## [What the task requires]
Look through the entries below and copy exactly the part that begins with the line containing "This image contains" and ends with the line containing "An aerial view". Do not copy the pictures.

Input data: Begin

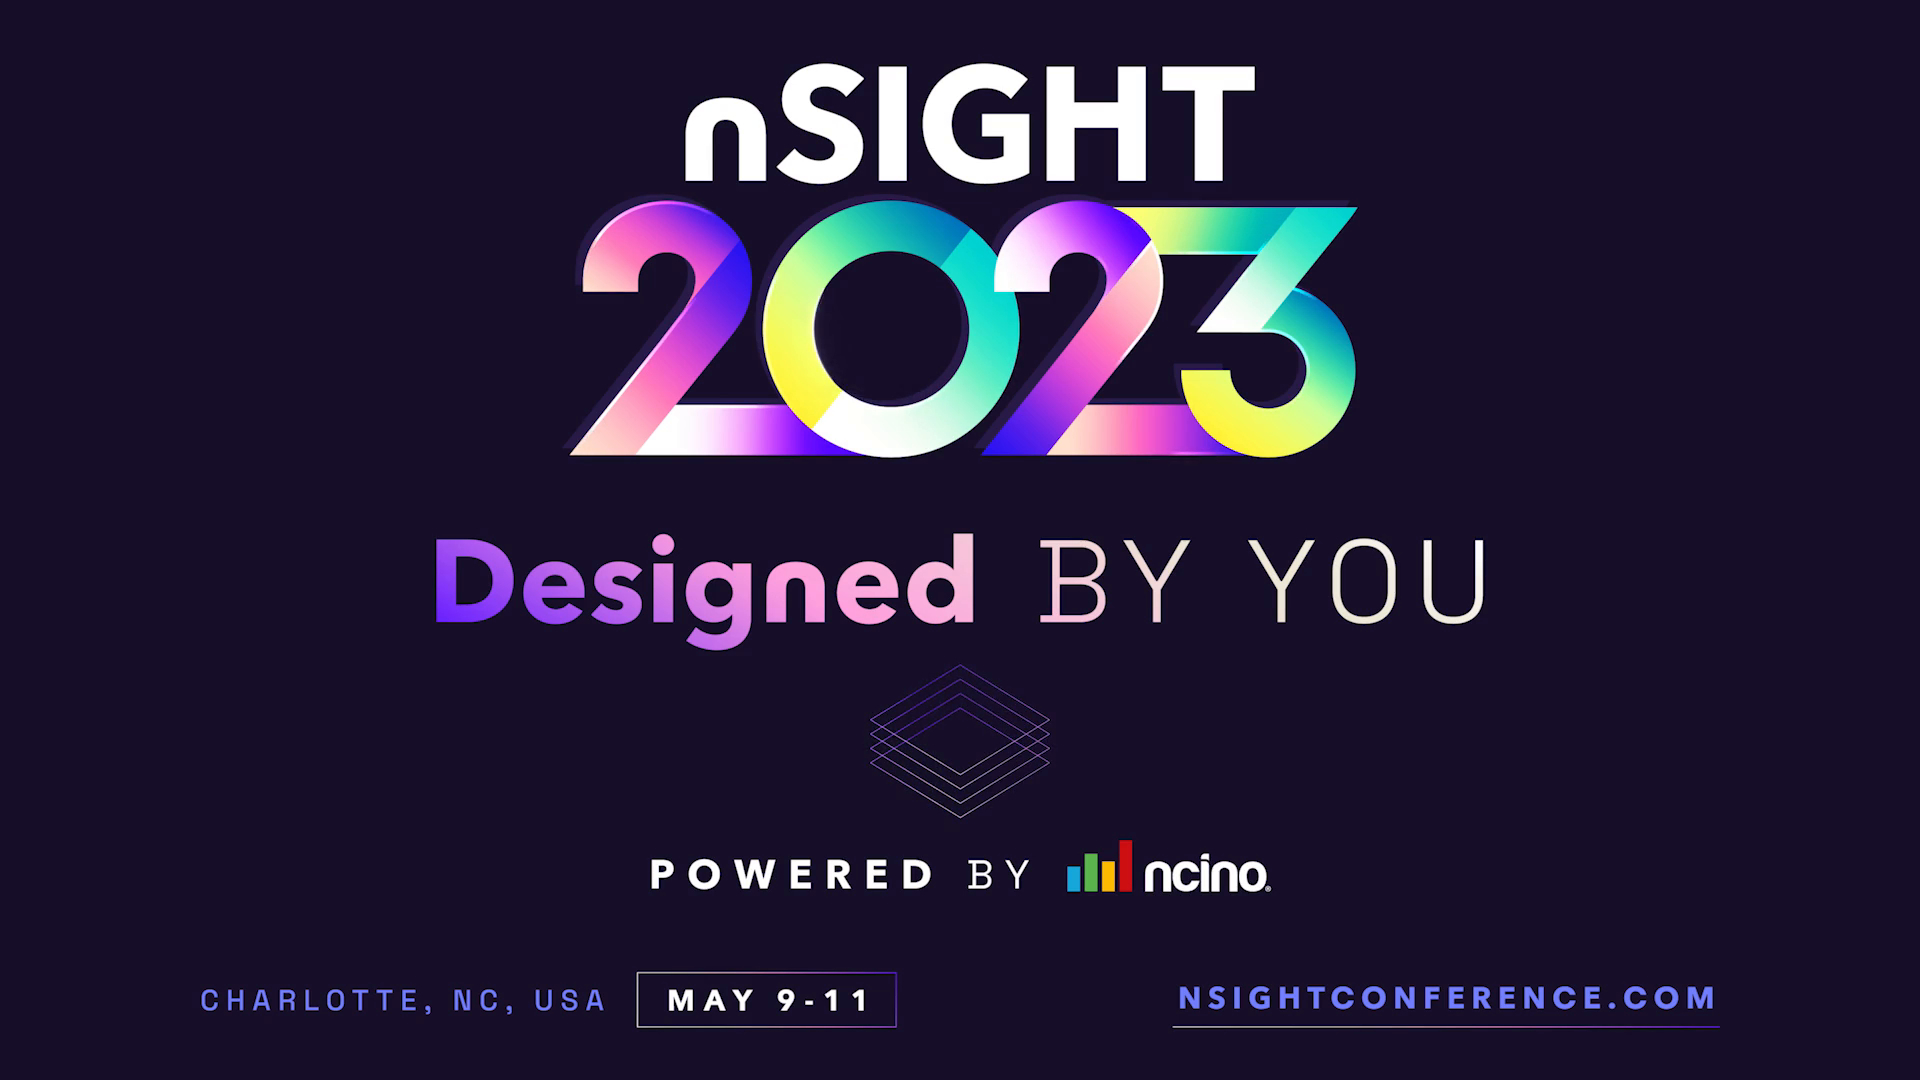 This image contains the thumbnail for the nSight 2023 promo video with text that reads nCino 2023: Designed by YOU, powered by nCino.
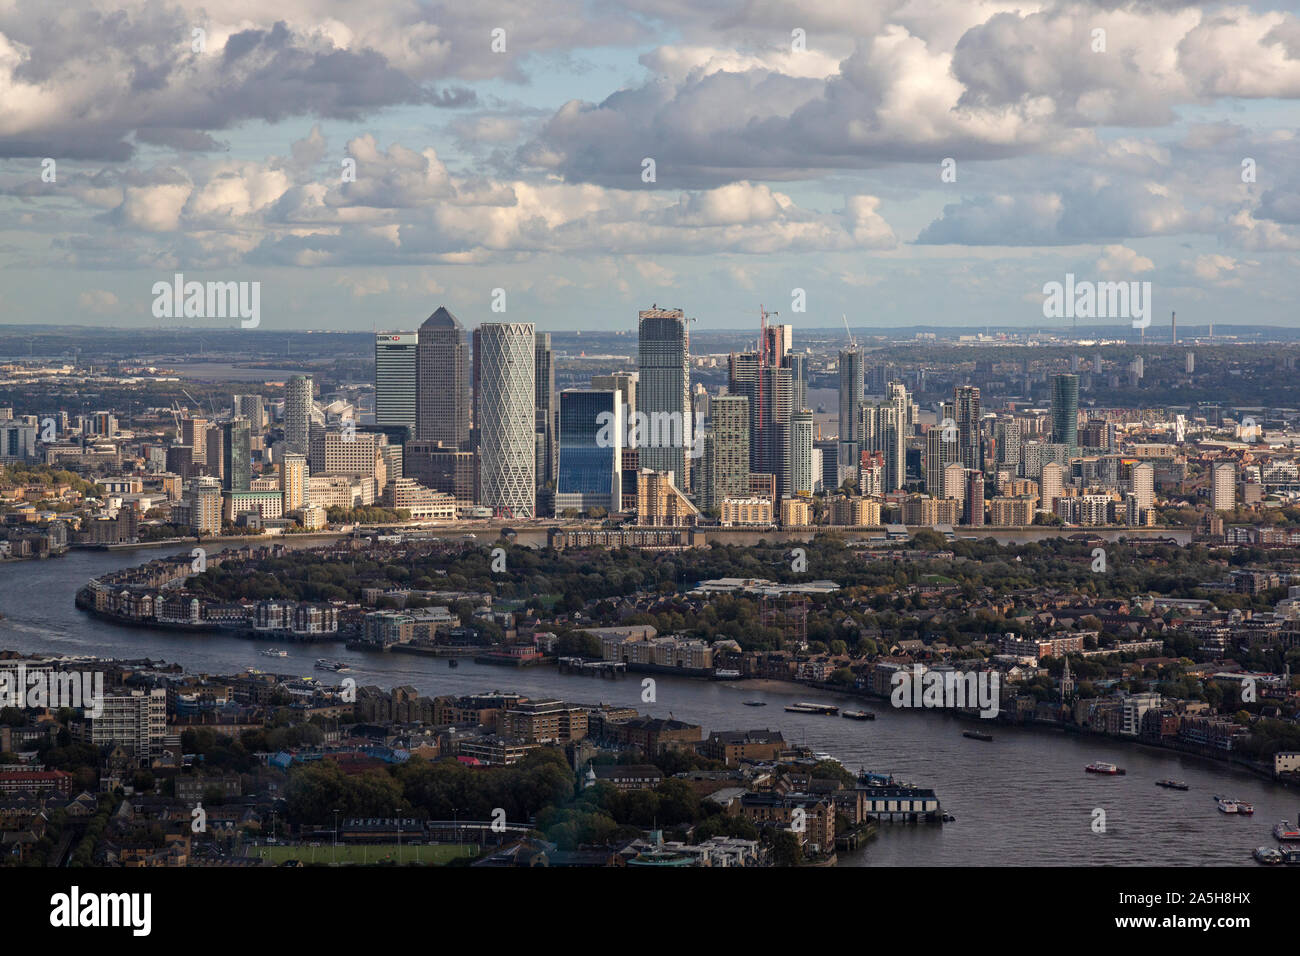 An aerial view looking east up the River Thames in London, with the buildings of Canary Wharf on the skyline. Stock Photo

Input data: End
Input data: Begin

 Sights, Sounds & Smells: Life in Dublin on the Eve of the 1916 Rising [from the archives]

Input data: End
Input data: Begin

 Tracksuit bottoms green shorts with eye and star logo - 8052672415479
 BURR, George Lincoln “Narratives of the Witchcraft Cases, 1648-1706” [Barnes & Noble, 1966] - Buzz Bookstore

Input data: End

## [Result of this exercise]
 This image contains the thumbnail for the nSight 2023 promo video with text that reads nCino 2023: Designed by YOU, powered by nCino.
 An aerial view looking east up the River Thames in London, with the buildings of Canary Wharf on the skyline. Stock Photo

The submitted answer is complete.